BEGIN Information provided
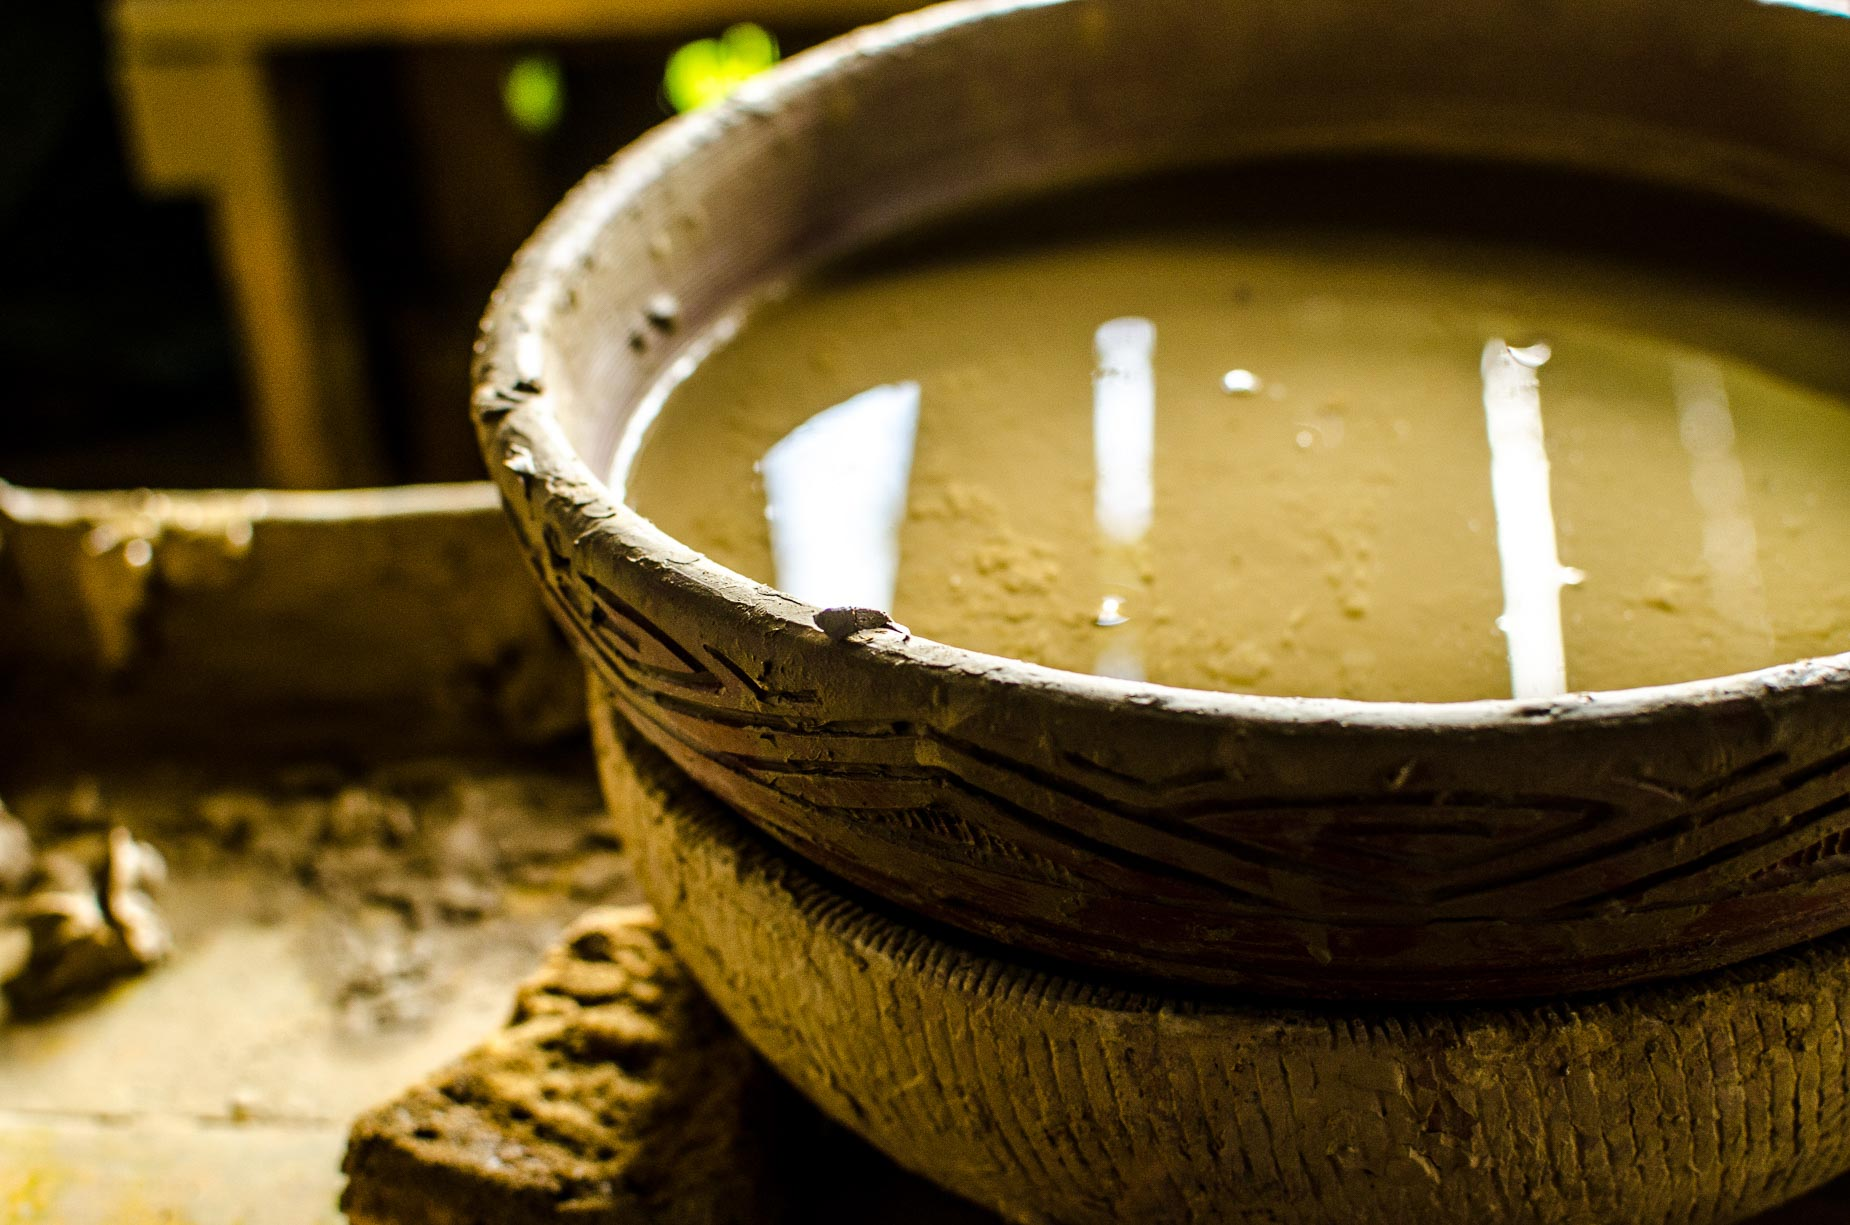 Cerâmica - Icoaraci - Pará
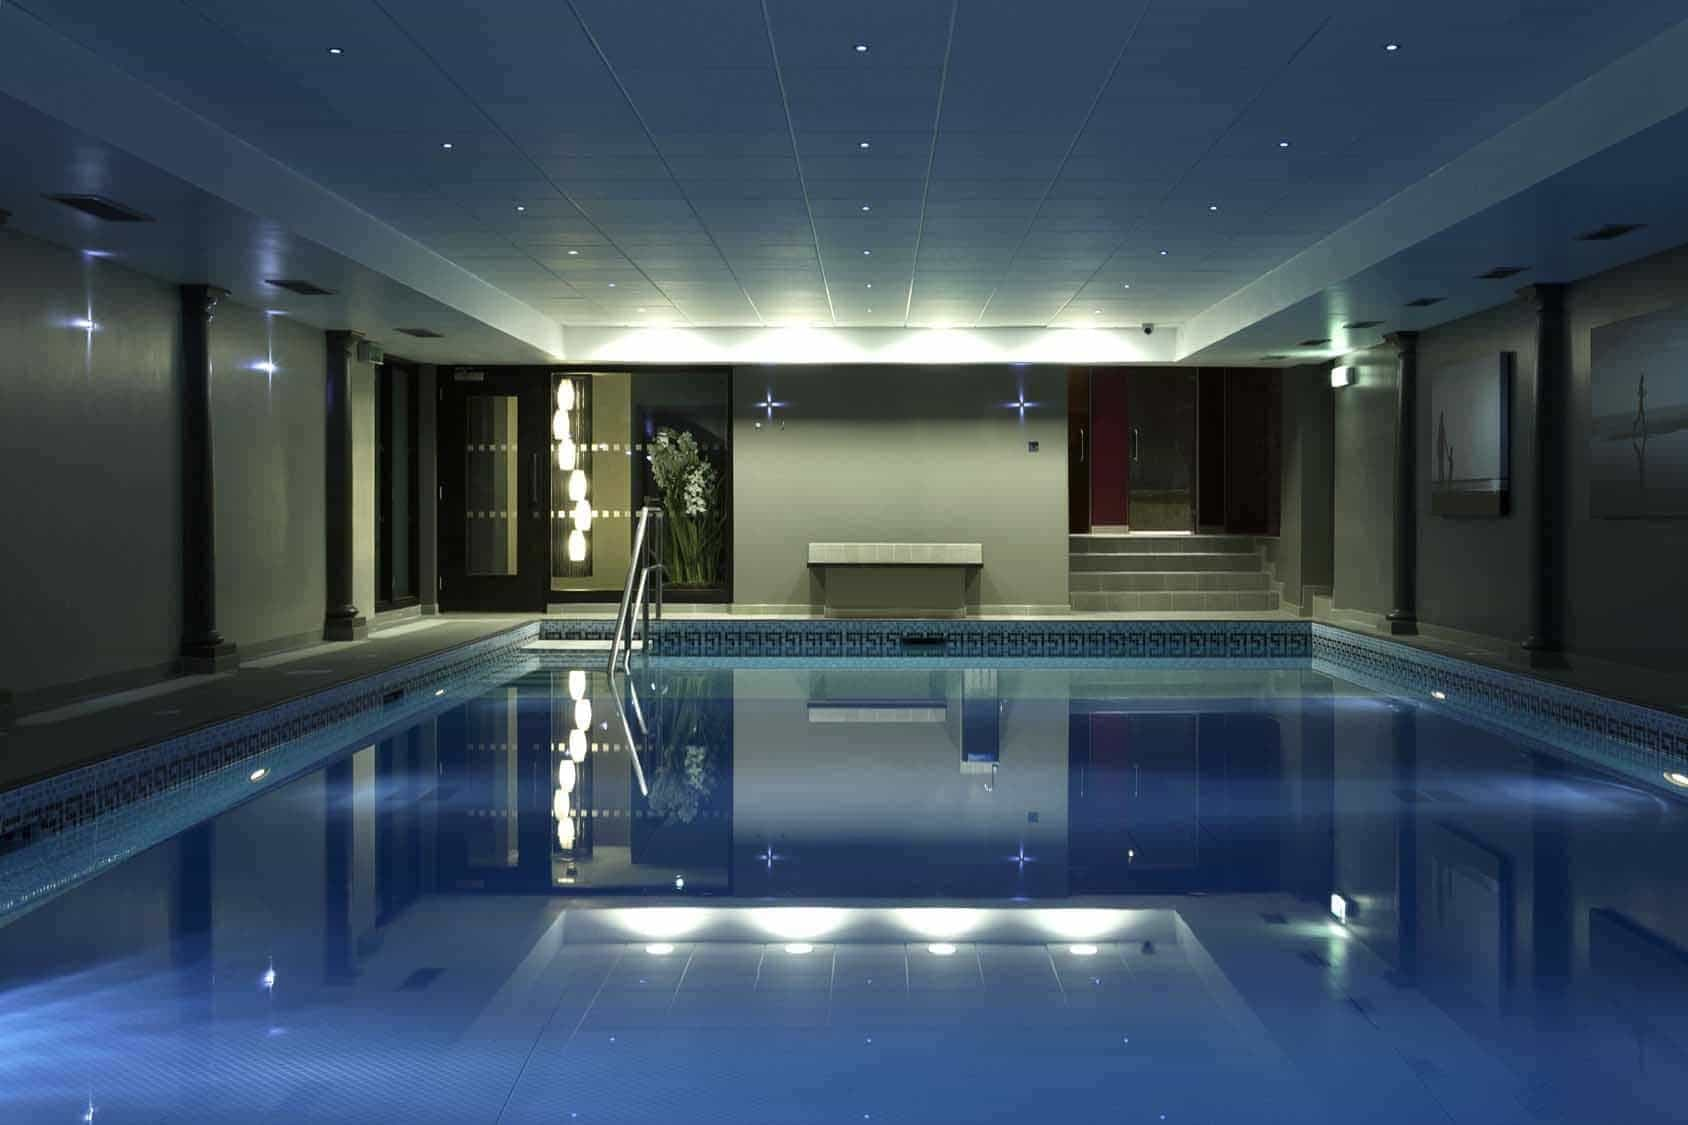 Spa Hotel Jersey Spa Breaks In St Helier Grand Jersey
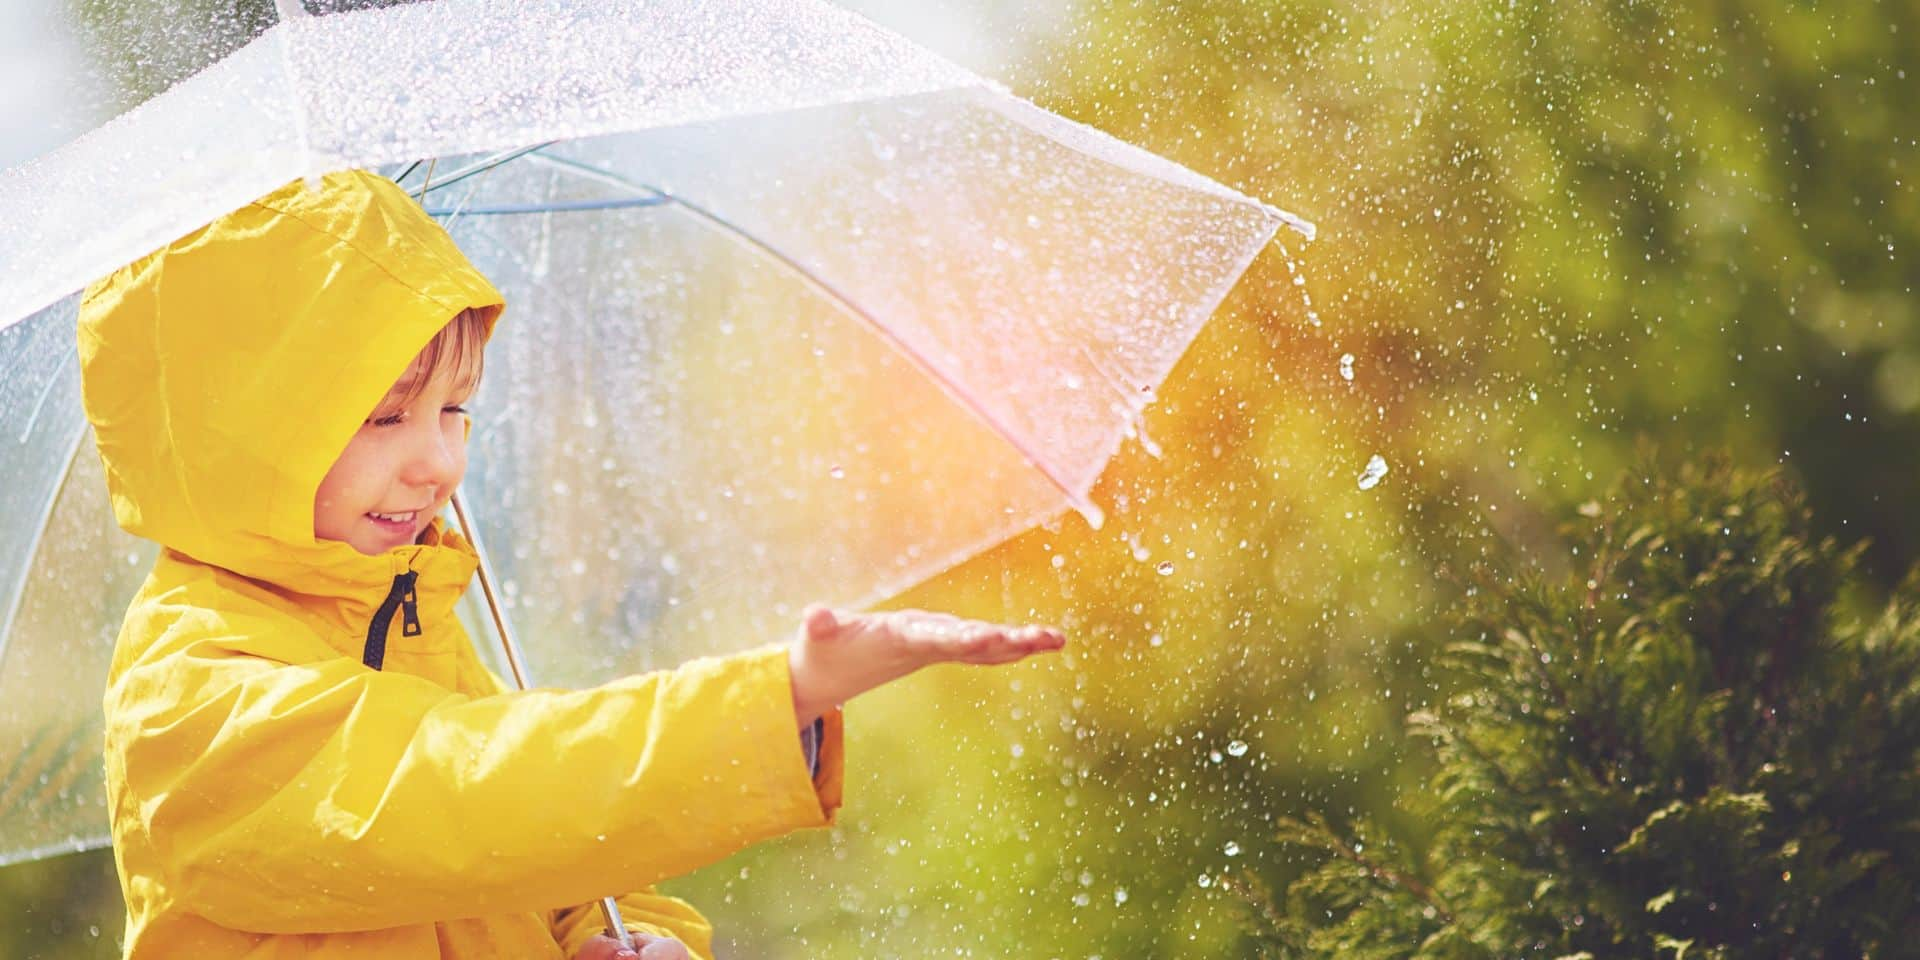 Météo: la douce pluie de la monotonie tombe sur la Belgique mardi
END Information provided
Required work:
Going from the line holding "Spa Hotel Jersey" to the last line of the data above, reproduce every line exactly, both included, with the pictures omitted.

Problem solution:
 Spa Hotel Jersey Spa Breaks In St Helier Grand Jersey
 Météo: la douce pluie de la monotonie tombe sur la Belgique mardi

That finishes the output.